5. The method for constructing a framework system for training deep learning models according to claim 4, characterized in that, Step 33: Begin processing the input stream, performing different processing based on the type of data in the stream: 33-1. If it is training data, after aligning the data, check if the local parameter version is valid. If it is, calculate the model output and output the result; otherwise, wait for the next data. 33-2. If it is token data, update the local timestamp according to the token and send the parameters to the corresponding instance of the parameter server, along with the local timestamp. 33-3 If it is parameter aggregation data, then update the local parameters and their logical versions.

6. The method for constructing a framework system for training deep learning models according to claim 4, characterized in that, Each instance of the parameter server receives parameter data from the model trainer operators, performs aggregation calculations on N copies of each parameter, and sends the aggregation results to the model trainer; the specific steps are as follows: Step (1): Call the above fast splitting method to obtain the list of parameters you have assigned; Step (2): Initialize each parameter and send the parameter to the corresponding model trainer operator; Step (3): Create N queues for each parameter, corresponding to N replicas of the model; Step (4): Place the received parameter data into the corresponding queue; if N queues are not empty, take one data from each queue and combine them to perform parameter aggregation, then return the result to the model training operator where the parameter is located, and add version information; otherwise, wait until new data arrives, and then proceed to step (3).
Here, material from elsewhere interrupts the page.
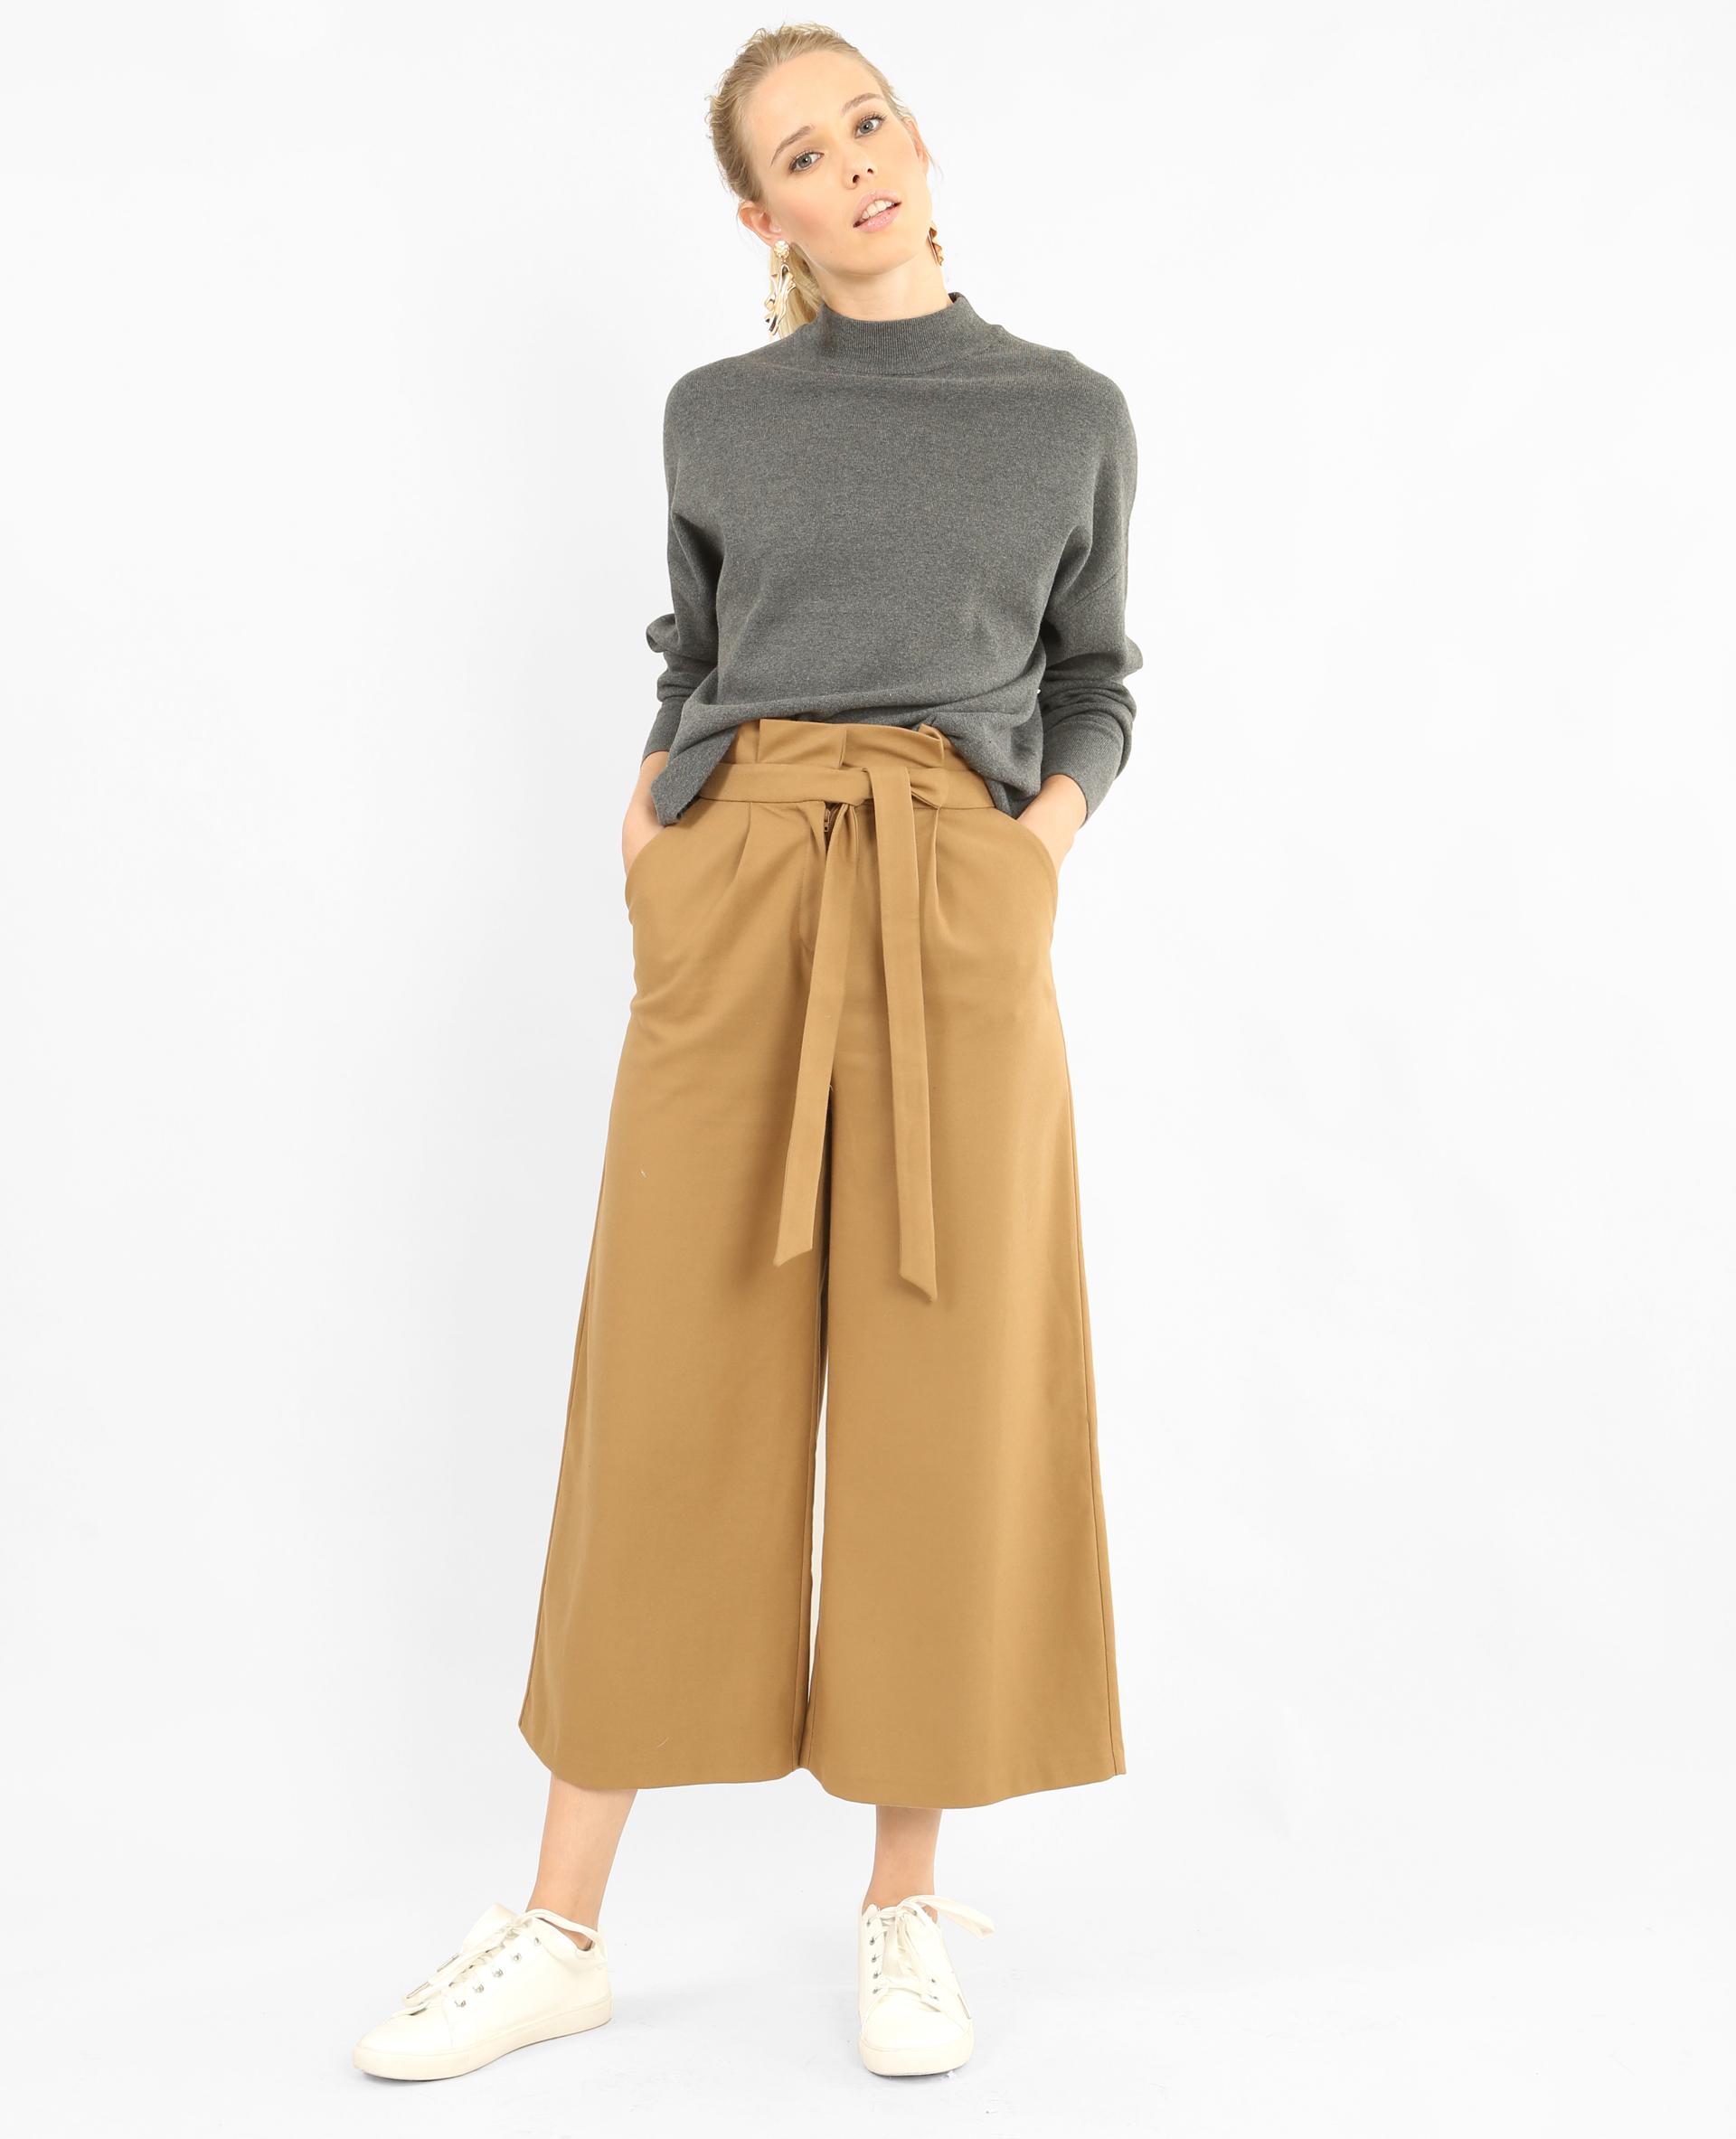 jupe culotte taille haute caramel 140483721a07 pimkie. Black Bedroom Furniture Sets. Home Design Ideas

7. The method for constructing a framework system for deep learning model training according to claim 4, characterized in that, In step 33 above, step 33-1 determines the validity period as follows: Traverse the parameter version information table. If the difference between the smallest logical version number and the operator's local logical timestamp is greater than S, where S is a user configuration item, then the operator parameter is considered not to have an expiration period; otherwise, it is valid.

8. A framework system for training deep learning models constructed by the method of claim 1, characterized in that, include: The API module is responsible for exposing the system's interfaces to the outside world, mainly including defining training tasks and submitting tasks to the big data computing framework cluster; The data distributor is responsible for controlling the training of the entire task. It processes the IoT input data stream and sends training data or token data to the model trainer. The model trainer is responsible for data processing, including training the model, sending parameters to the parameter server, receiving and updating parameter aggregation results; The parameter server is responsible for executing the greedy strategy for fast model splitting, aggregating and calculating the parameters of the model trainer, and returning the results to the model trainer. The data distributor, model trainer, and parameter server coordinate their work through a model parameter synchronization method based on logical timestamps.